Amber Thomas

Personal information
- Born: Amber Thomas November 17, 1993 (age 32) Drayton Valley, Alberta, Canada

Sport
- Disability class: S11, SB11, SM11

Medal record
Representing Canada
Paralympic Games
| Silver medal – second place | 2012 London | S11 400 m freestyle |
| Bronze medal – third place | 2012 London | SM11 200 m ind. medley |
IPC Swimming World Championships
| Silver medal – second place | 2010 Eindhoven | S11 100 m butterfly |
| Silver medal – second place | 2010 Eindhoven | S11 400 m freestyle |

= Amber Thomas =

Canadian Paralympic swimmer (born 1993)

Amber Thomas (born November 17, 1993) is a Canadian swimmer. She lost her sight at ten years old due to a brain tumour and is classified in the S11 disability class.

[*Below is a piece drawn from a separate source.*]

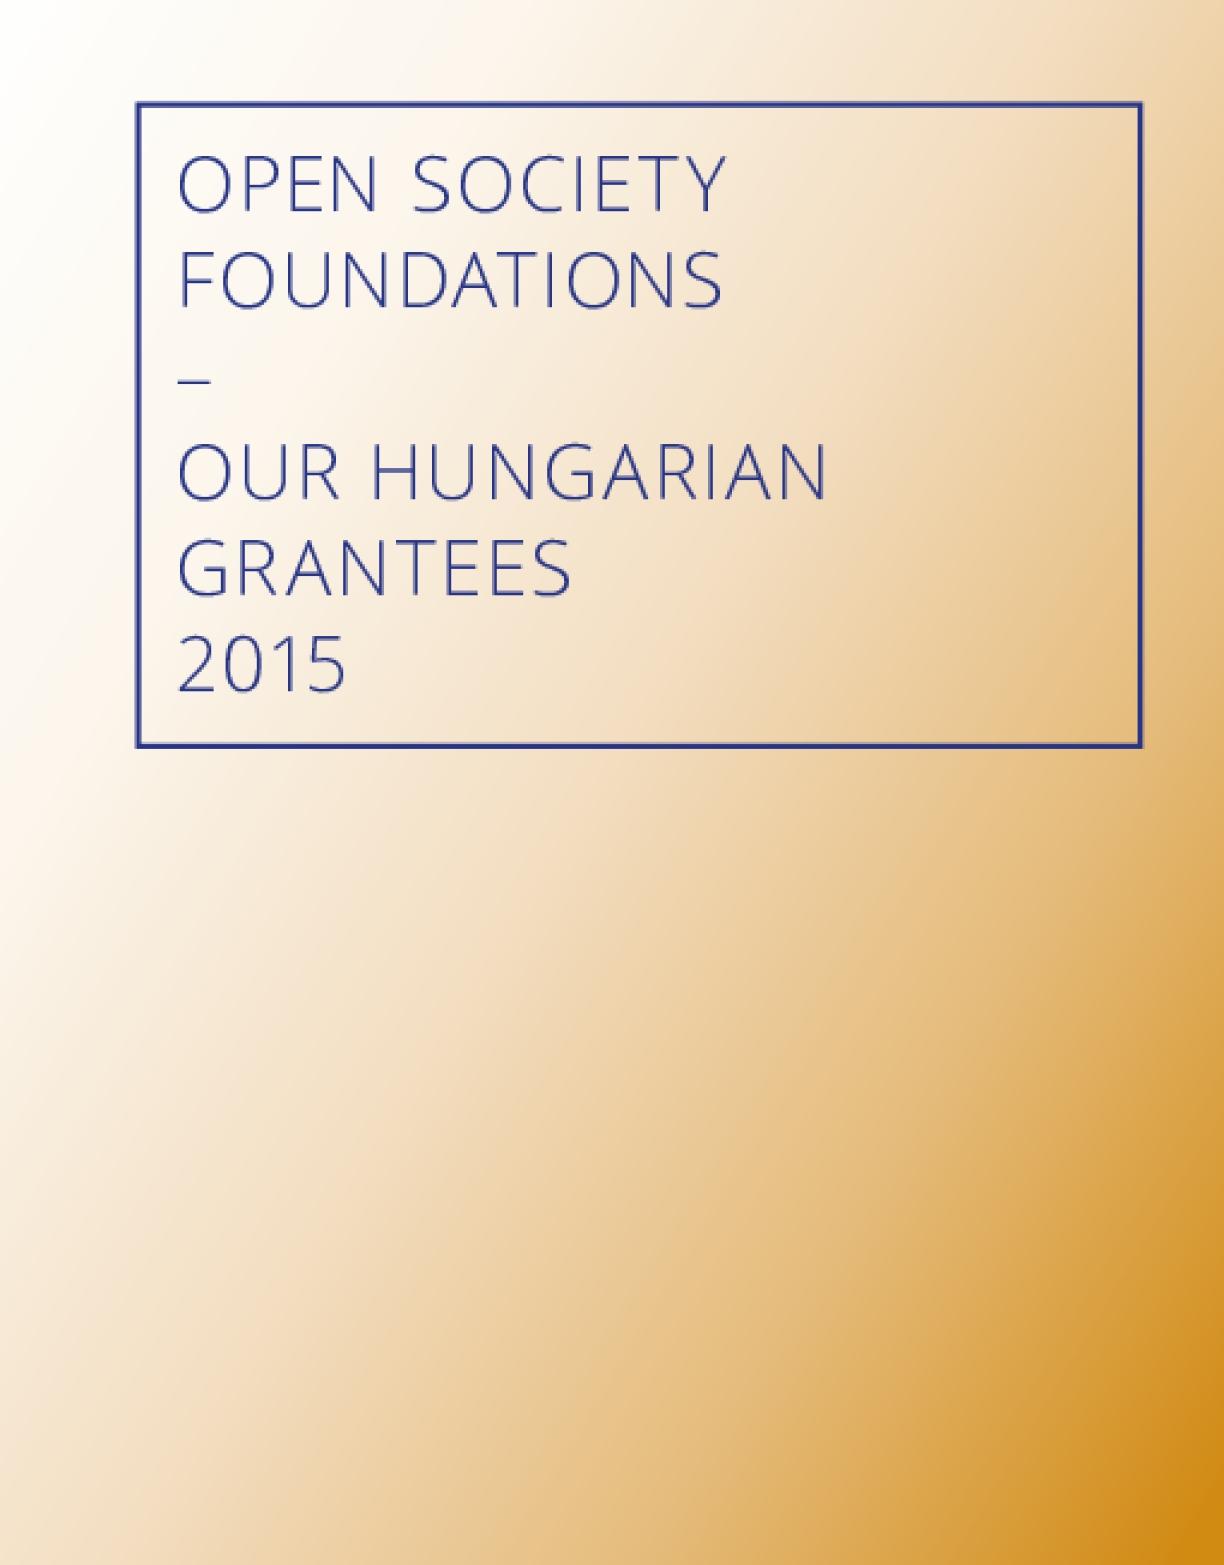 Open Society Hungarian Grantees 2015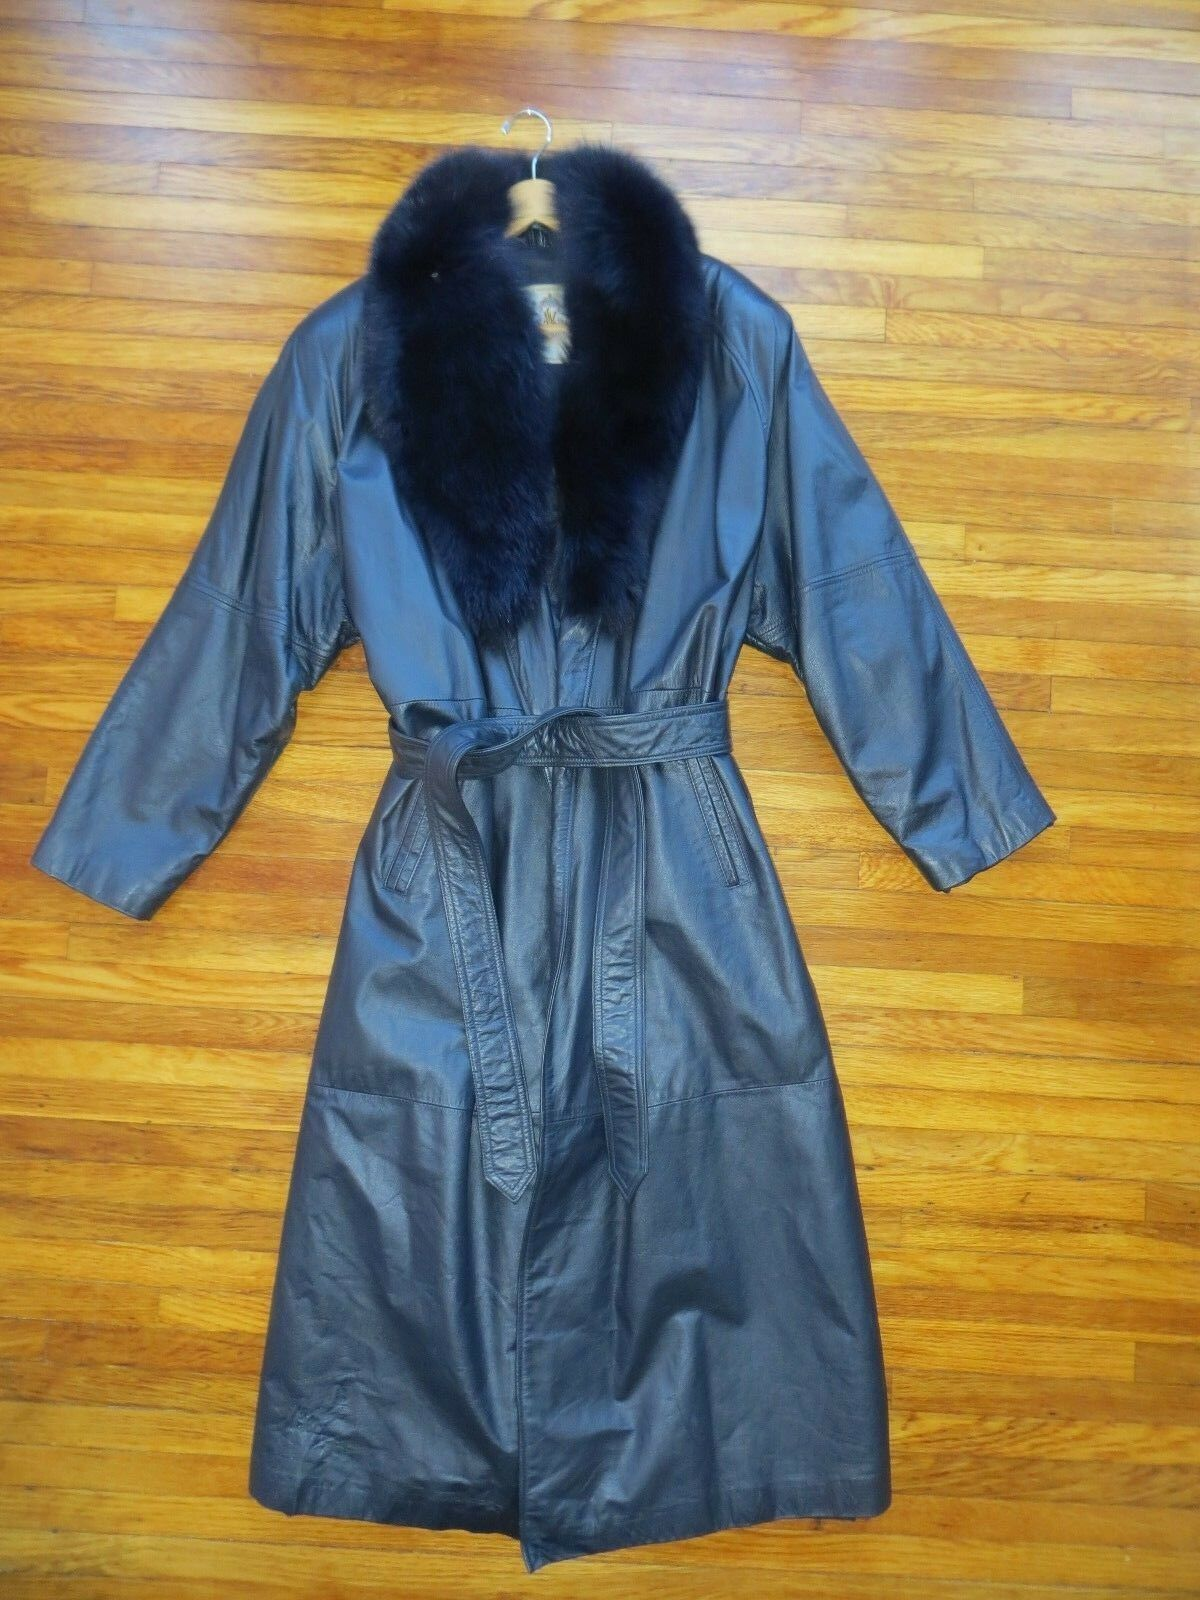 Laura Winston Mujeres Cuero Chaqueta Abrigo  Largo Azul Marino Azul Púrpura Grande de Piel de Zorro  entrega gratis

At the age of fifteen Thomas competed at the 2008 Summer Paralympics but did not win any medals. In 2010, she came second in the 100 m butterfly and 400 m freestyle at the IPC World Championships. She entered six categories at the London 2012 Paralympics and gained two medals: bronze in the 200 m individual medley and silver in the 400 m freestyle.

Thomas is now retired from competitive swimming. She has stated an intention to work in animal massage and is considering competing in equestrianism in the future.